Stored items
◆ ◆ ◆ ◆

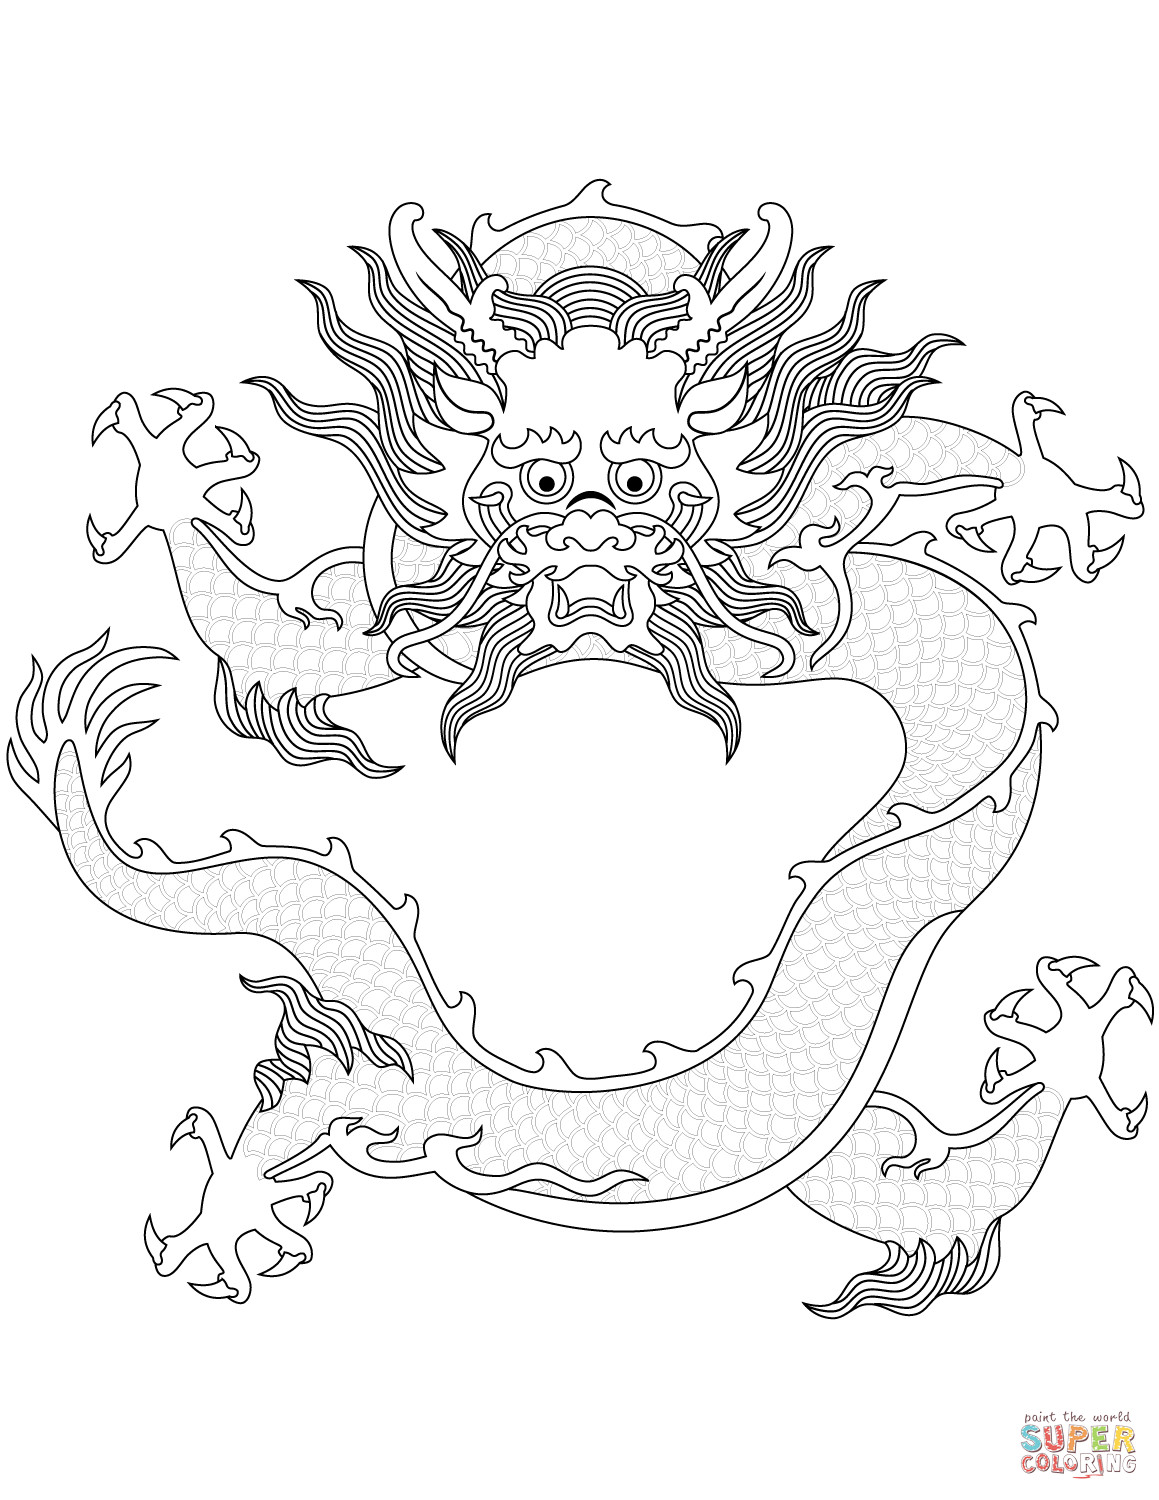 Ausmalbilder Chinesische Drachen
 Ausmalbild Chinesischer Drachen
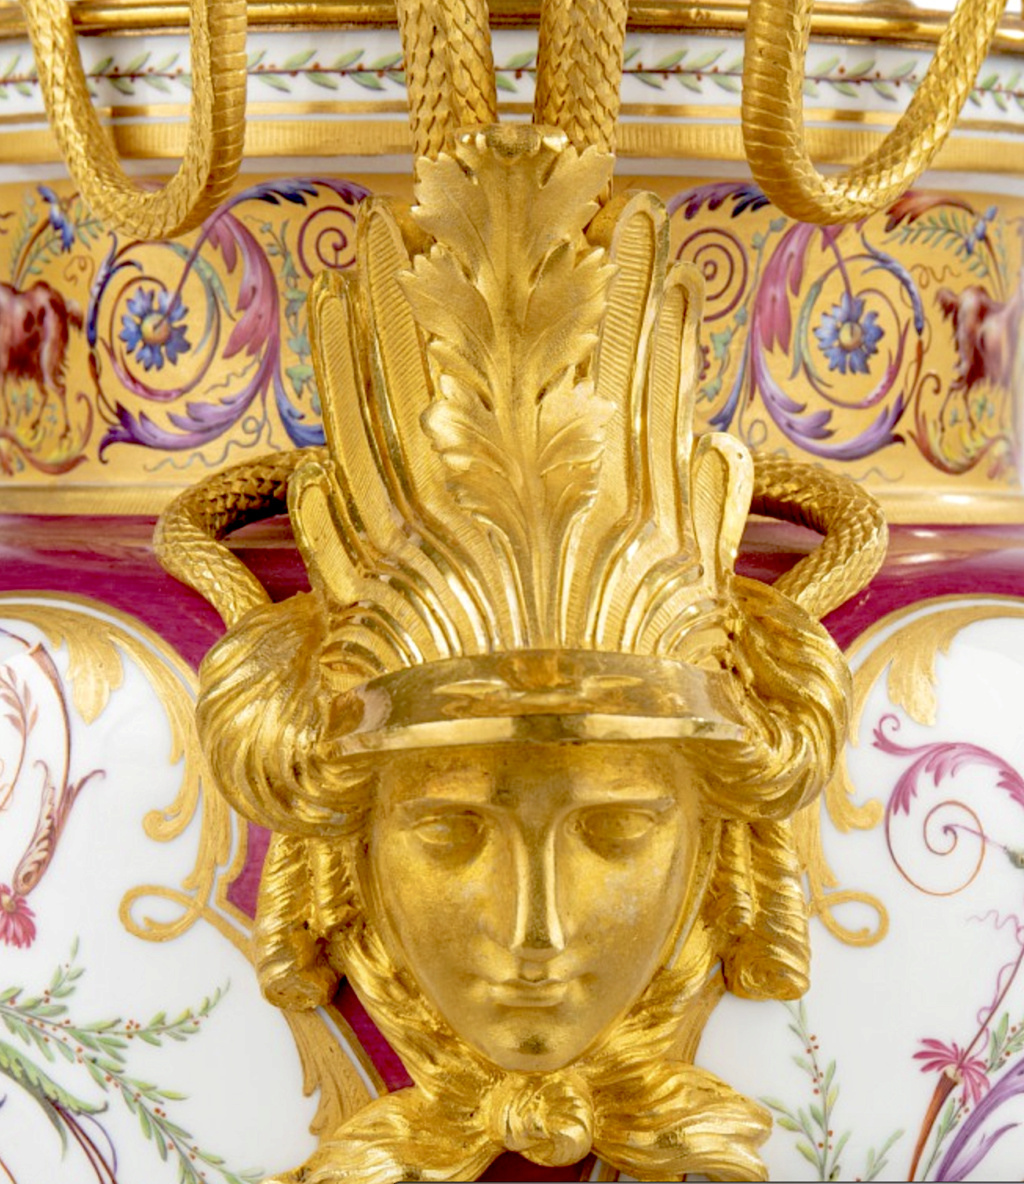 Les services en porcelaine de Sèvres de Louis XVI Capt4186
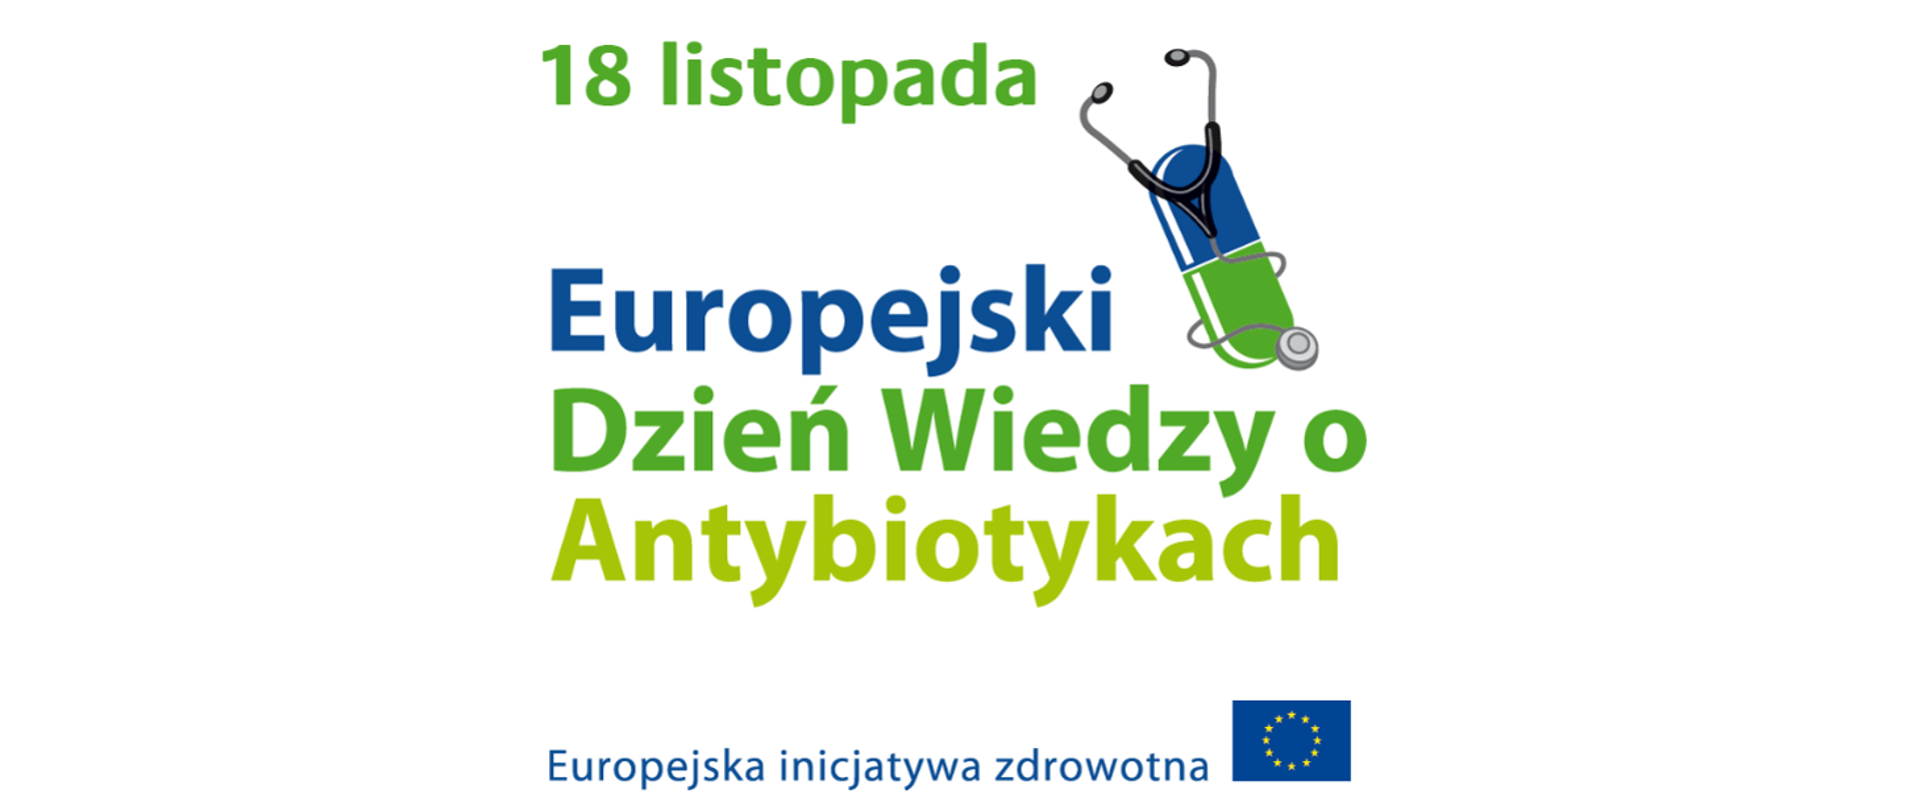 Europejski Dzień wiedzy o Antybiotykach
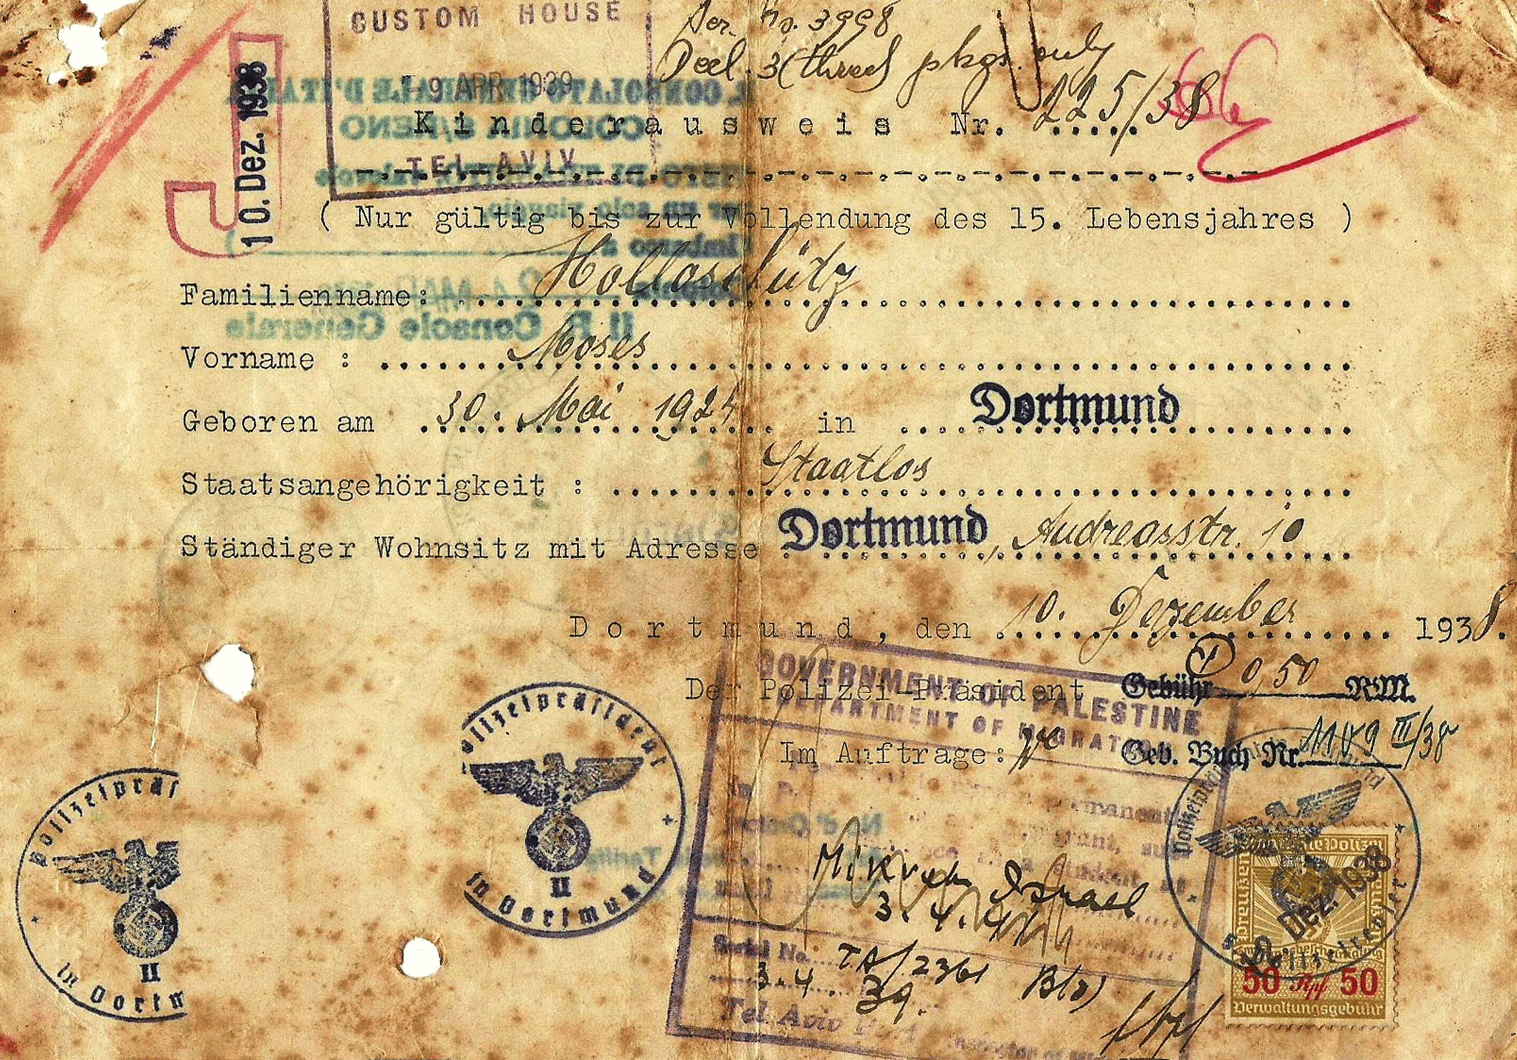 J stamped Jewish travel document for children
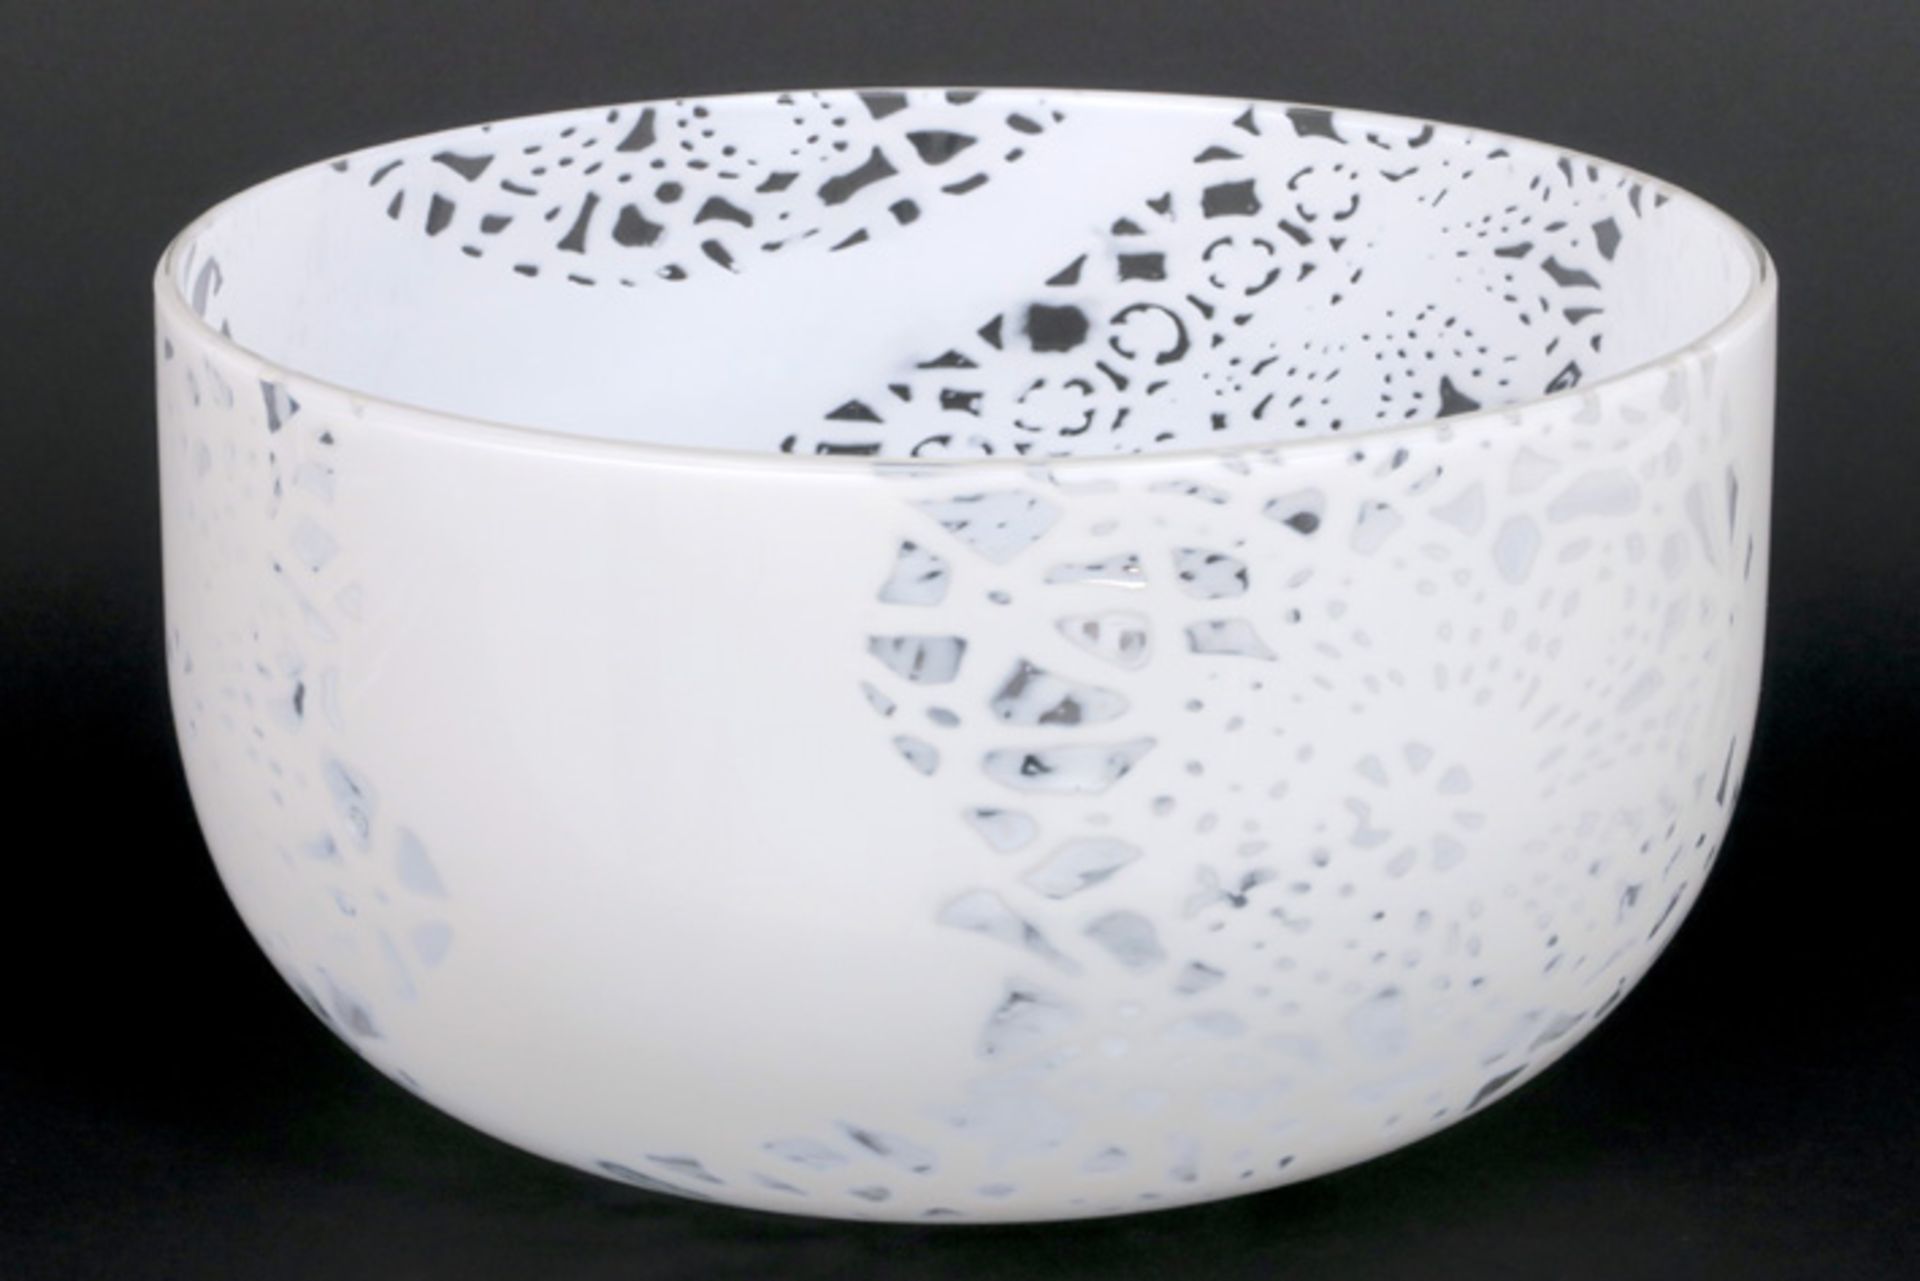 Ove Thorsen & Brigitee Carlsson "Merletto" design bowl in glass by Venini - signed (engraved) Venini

◆ ◆ ◆ ◆

Assignment> Exactness is what counts here: copy each entry as given and omit its pictures.

Expected answer>
 Ausmalbilder Chinesische Drachen
 Ausmalbild Chinesischer Drachen
 Les services en porcelaine de Sèvres de Louis XVI Capt4186
 Europejski Dzień wiedzy o Antybiotykach
 J stamped Jewish travel document for children
 Ove Thorsen & Brigitee Carlsson "Merletto" design bowl in glass by Venini - signed (engraved) Venini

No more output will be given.